Using one or more TidyVerse packages, and any dataset from fivethirtyeight.com or Kaggle, create a programming sample “vignette” that demonstrates how to use one or more of the capabilities of the selected TidyVerse package with your selected dataset. (25 points)
The ‘tidyverse’ is a set of packages that work in harmony because they share common data representations and ‘API’ design. This package is designed to make it easy to install and load multiple ‘tidyverse’ packages in a single step. Learn more about the ‘tidyverse’ at https://tidyverse.org.
Library(tidyverse) will load the core tidyverse packages:
- ggplot2, for data visualisation.
- dplyr, for data manipulation.
- tidyr, for data tidying.
- readr, for data import.
- purrr, for functional programming.
- tibble, for tibbles, a modern re-imagining of data frames.
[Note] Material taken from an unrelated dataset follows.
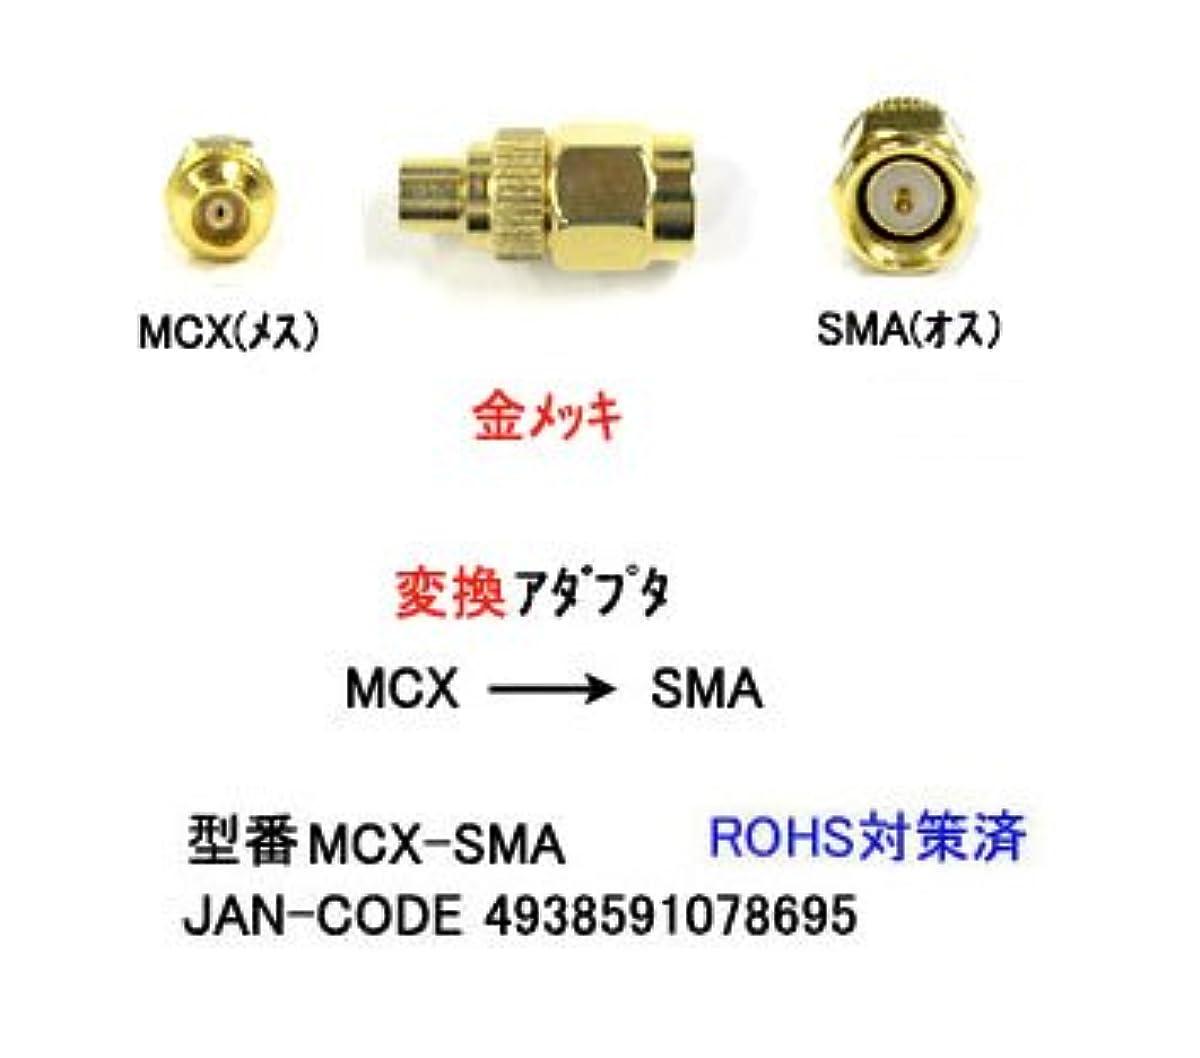 [해외] 안테나 변환 플러그 MCX → SMA 변환 COMON MCX-SMA-

suppressWarnings({library(tidyverse)})
## -- Attaching packages ---------------------------------------------------------------------------------------------------------------- tidyverse 1.2.1 --
## v ggplot2 3.1.0 v purrr 0.3.2
## v tibble 2.1.3 v dplyr 0.8.3
## v tidyr 1.0.0 v stringr 1.3.1
## v readr 1.3.1 v forcats 0.4.0
## -- Conflicts ------------------------------------------------------------------------------------------------------------------- tidyverse_conflicts() --
## x dplyr::filter() masks stats::filter()
## x dplyr::lag() masks stats::lag()
Dataset was downloaded and saved on github from Kaggle.com https://www.kaggle.com/russellyates88/suicide-rates-overview-1985-to-2016
url<- "https://raw.githubusercontent.com/uplotnik/Data607/master/Suicide.csv"
dataset <- read.csv(url)
For this assignment I will use package “dplyr”
“dplyr” is a grammar of data manipulation, providing a consistent set of verbs that help you solve the most common data manipulation challenges:
- filter() to select cases based on their values.
- arrange() to reorder the cases.
- select() and rename() to select variables based on their names.
- mutate() and transmute() to add new variables that are functions of existing variables.
- summarise() to condense multiple values to a single value.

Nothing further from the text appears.